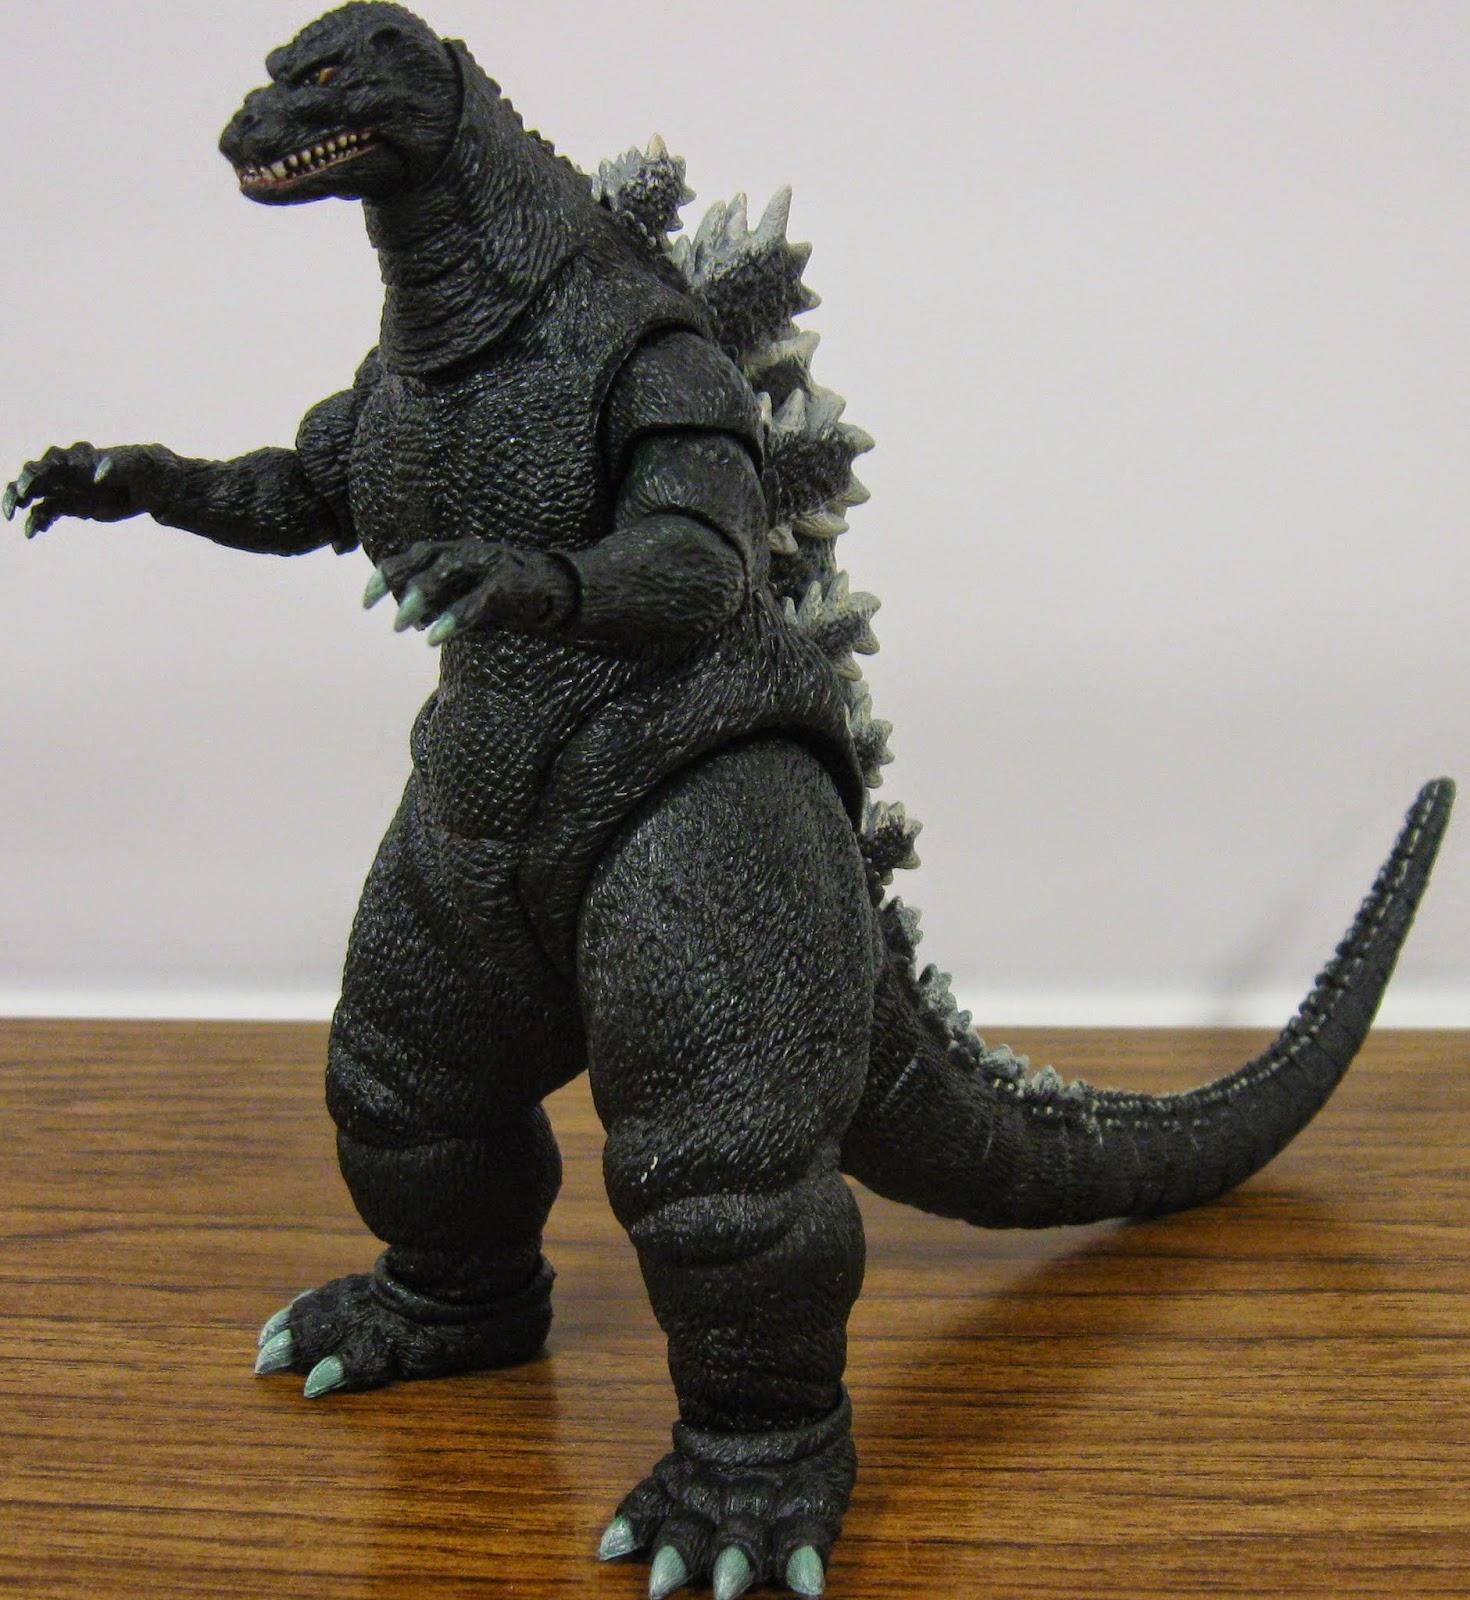 Godzilla vs spacegodzilla cast
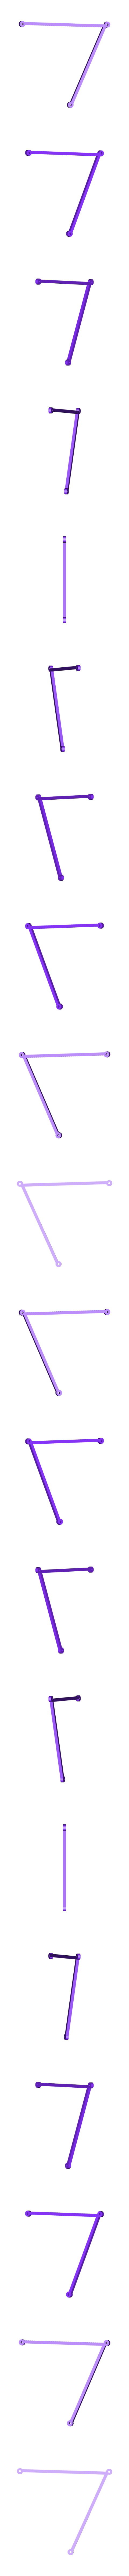 mobile bar triangle.stl Download STL file Modular Mobile System • 3D printable template, jasso
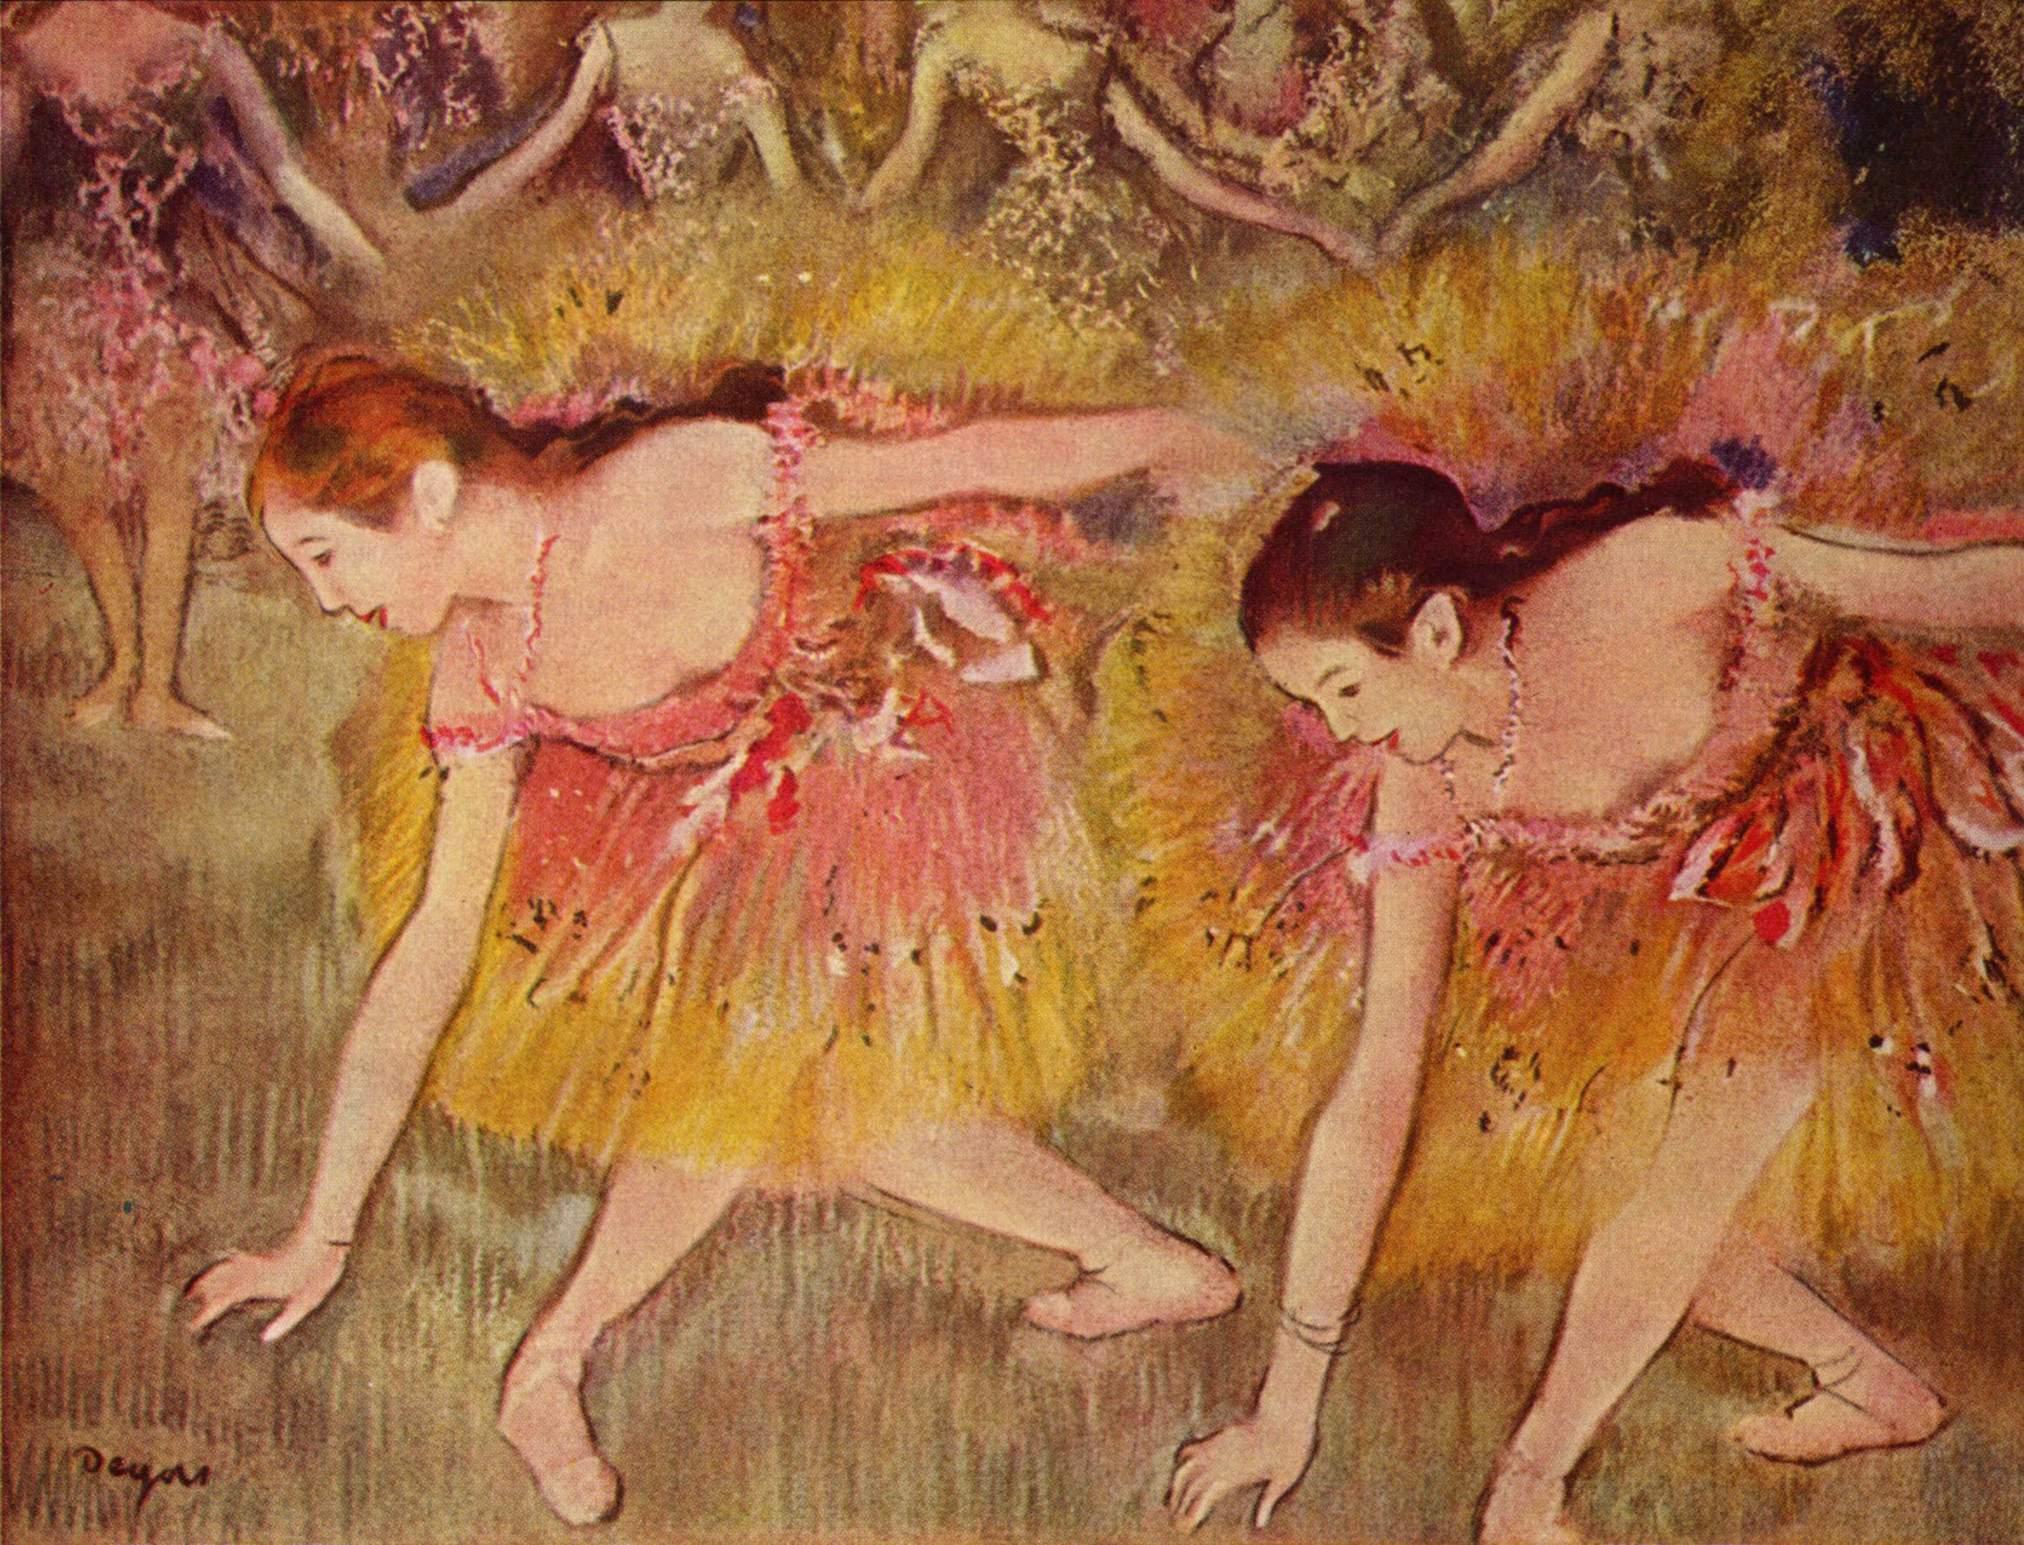 Dancers Bending Down, 1885 - Edgar Degas - WikiArt.org

*-*-*

• [Exercise brief] Your answer should be the lines above from the one that contains "mobile bar triangle.stl" through the last, set down exactly, with the pictures removed.

• [The completed task]
 mobile bar triangle.stl Download STL file Modular Mobile System • 3D printable template, jasso
 Dancers Bending Down, 1885 - Edgar Degas - WikiArt.org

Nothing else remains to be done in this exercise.